— Тебе бы лучше думать о завтрашнем дне, когда голод заставит забыть о горе, — он оглядел ее с головы до ног. — Ты же порядочная женщина. Присядь, и я кое-что расскажу тебе, для твоей же пользы, — и сел сам. — Я занимаюсь торговлей рабами и стремлюсь к тому, чтобы получить максимальную прибыль. Я человек не жестокий, но не могу смешивать чувства и работу. Сфера моей деятельности — пограничные провинции, из которых недавно ушли римляне. Чем неопределеннее там обстановка, тем мне легче покупать рабов по низким ценам. Чаще всего я покупаю детей. Их продают родители. Если голодных ртов становится слишком много, с какими-то расстаются, чтобы прокормить остальных. С детьми у меня никаких хлопот. Один щелчок кнута, и они уже все понимают. Но наибольший навар дают мне такие женщины, как ты, благородного происхождения, приятной наружности, в теле. Возможно, ты мне не поверишь, но в данной ситуации наши интересы совпадают. Тебе нужны хороший хозяин и легкая жизнь, и именно он даст мне за тебя самую высокую цену, — Тригетий покивал, как бы подчеркивая последнюю фразу. — В знатных римских семьях всегда есть работа для рабыни. Я могу найти такую, что ищет auro praepositia. Эта работа вполне подойдет тебе, поскольку всех-то делов — держать золотое блюдо и следить, чтобы оно всегда блестело. Семьям постоянно требуются lectors. Часто нужна corinthiaria, присматривающая за бронзовыми вазами. Несколько ниже, но тоже вполне достойное место structia, которая присматривает за приготовлением кондитерских изделий, или panicoctaria, на которую возложена выпечка тортов, — в глазах его блеснул огонек. — Есть еще более легкие занятия, о которых мне нет нужды упоминать, поскольку ты высоконравственная женщина. На тебя в Риме найдется много покупателей, готовых заплатить высокую цену. И чем старше покупатель, тем выше цена.

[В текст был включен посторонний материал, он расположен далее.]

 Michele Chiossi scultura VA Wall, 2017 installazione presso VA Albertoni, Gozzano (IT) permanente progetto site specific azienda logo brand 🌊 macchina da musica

Аманина не ответила. Изнемогая от стыда, она сидела, склонив голову, сцепив руки.
— Но, если ты не будешь следить за собой, женщина, я продам тебя не в столь высокородную семью. И станешь ты auditia, которая прибирается по дому, или cubicularia, что перестилает постели. Именно это ждет тебя, если ты будешь плакать и похудеешь. Никому не нужны женщины с дряблой кожей и тощими бедрами.
— Моей маме очень плохо, — вмешался Николан, стоявший рядом. — Я требую, чтобы ее оставили в покое.
Тригетий медленно поднялся.
— Я пытался помочь, хотя мне следовало отдать вас обоих моим людям, дабы вас как следует выпороли. Именно такие петушки, как ты, доставляют мне хлопоты. Пусть это будет для тебя уроком, — и хлыст торговца опустился на плечи Николана. Острая боль пронзила его тело, инстинктивно он подался назад. — Хочешь получить двадцать таких же ударов? Будь уверен, получишь, если еще раз скажешь хоть слово.
Весь следующий день у Николана так саднили плечо и шея, что он шел рядом с матерью, не раскрывая рта. Думал он об отце, и душу его переполняли ярость и отчаяние. Когда караван остановился на ночь и большинство пленников набросились на грубую, пересоленную еду, Николан придвинулся вплотную к матери, наклонился к ее уху.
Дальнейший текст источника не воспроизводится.